It’s tough to get a handle on where the U.S. economy is heading. News headlines present conflicting data points that often obscure as much as they clarify. And in a presidential election year, clarity about the future can be even harder to come by.
In hopes of offering a clearer picture on the economic outlook, SIFMA’s Economic Advisory Roundtable, a 22-member panel comprised of leading financial institution economic experts, published its Mid-Year 2016 U.S. Economic Outlook on June 14.
Panel members were surveyed for their views on a variety of topics, such as economic growth, monetary policy, interest rates, and oil prices. Among their top-line findings:
Economic growth: With weaker-than-expected GDP growth in the first half of the year, economists say they expect overall U.S. growth to come in at 1.8% in 2016, and to climb to 2.3% next year.
Jobs: An improving employment picture could be a bright spot- survey respondents expect the annual average jobless rate to fall from last year’s 5.3% level to 4.9% in 2016 and further to 4.6% in 2017, with 2.3 million workers added to payrolls this year and 2 million in the next.

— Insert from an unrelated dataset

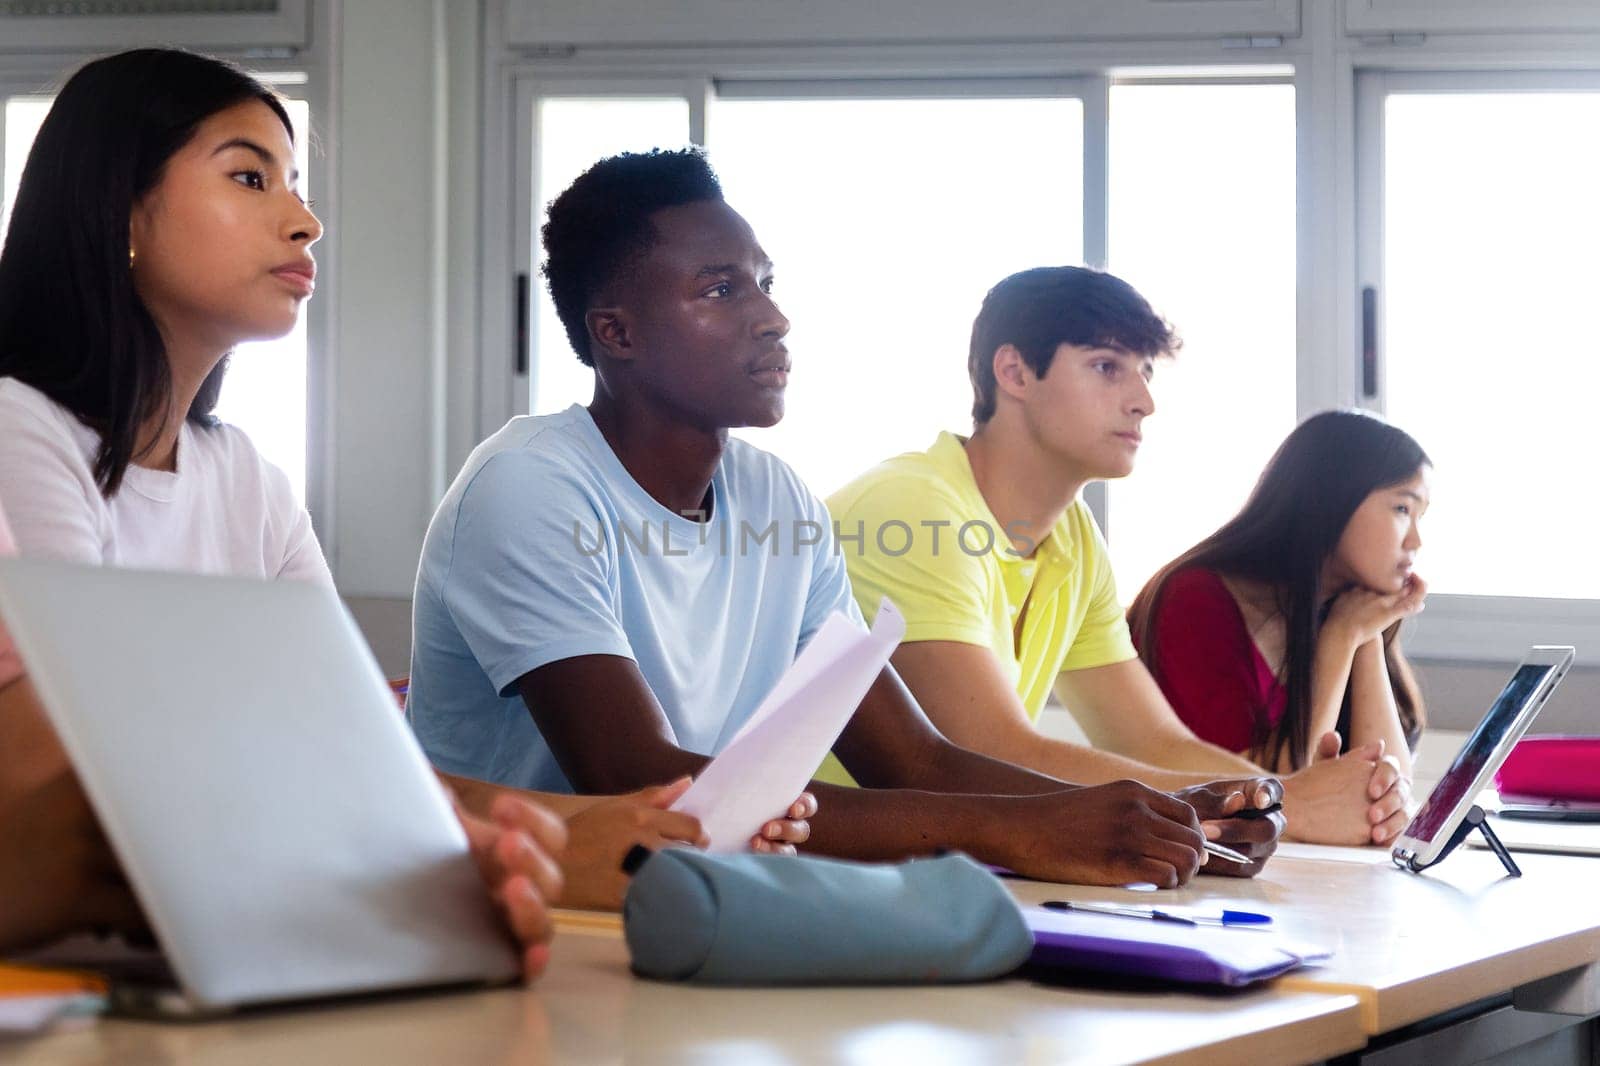 Black teen high school student in class listening to lecture with multiracial classmates. Focus on african american boy. Education concept.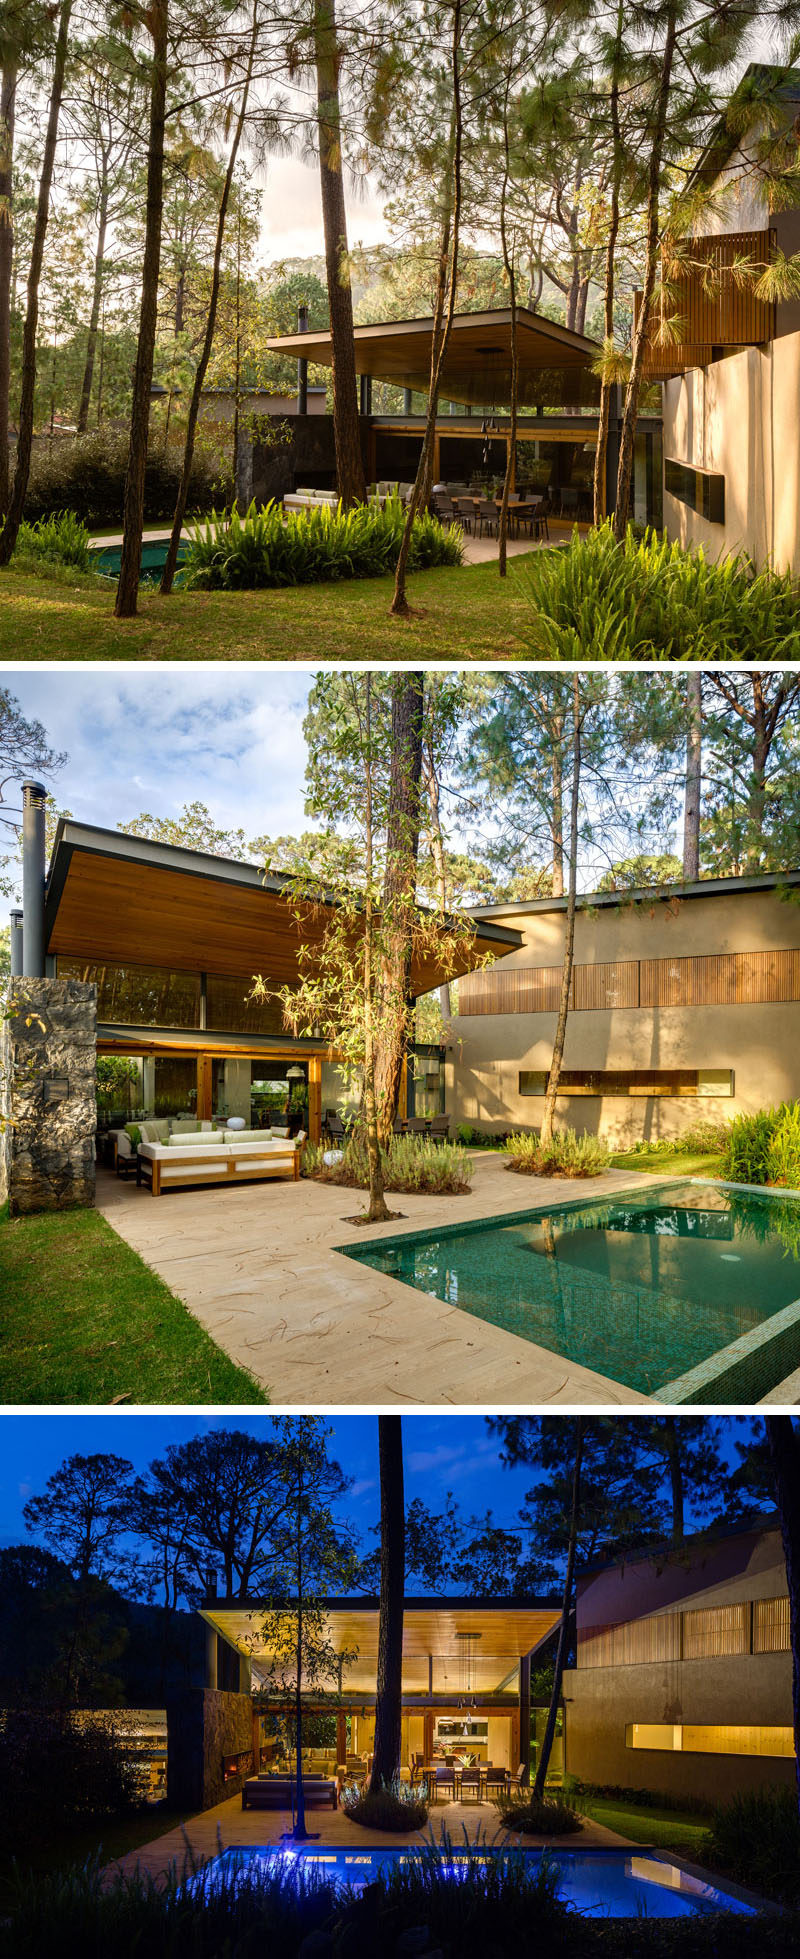 The design and layout of this home creates a sense of privacy, with the adult trees providing shade for the swimming pool and covered patio.

Interest rates: Roundtable members don’t expect an interest rate hike in the immediate future. Over 90% of respondents predicted the Federal Open Market Committee would not raise its target interest rate range during its recently held June meeting. They anticipate the next rate hike in either the third or fourth quarter of this year.
And of course, the question on many readers’ minds: with a contentious political season shaping up as the two major party leaders move toward securing their respective presidential nominations, how will the November election affect the economy?
Opinions from the roundtable survey were mixed, with a narrow majority of respondents seeing uncertainty surrounding the election outcome as having an impact on growth:
A slim majority (57 %) agreed that the upcoming presidential election would impact GDP growth, largely through the suppression of both consumer and business spending due to uncertainty. One respondent noted the “election uncertainty add[s] to the list of worries making business cautious.” Other respondents, however, were unsure: one respondent noted “[w]e have seen an impact on business and consumer surveys thus far but no measurable impact as yet on the real economy.”
*Kyle Brandon is Managing Director, Director of Research at the Securities Industry and Financial Markets Association.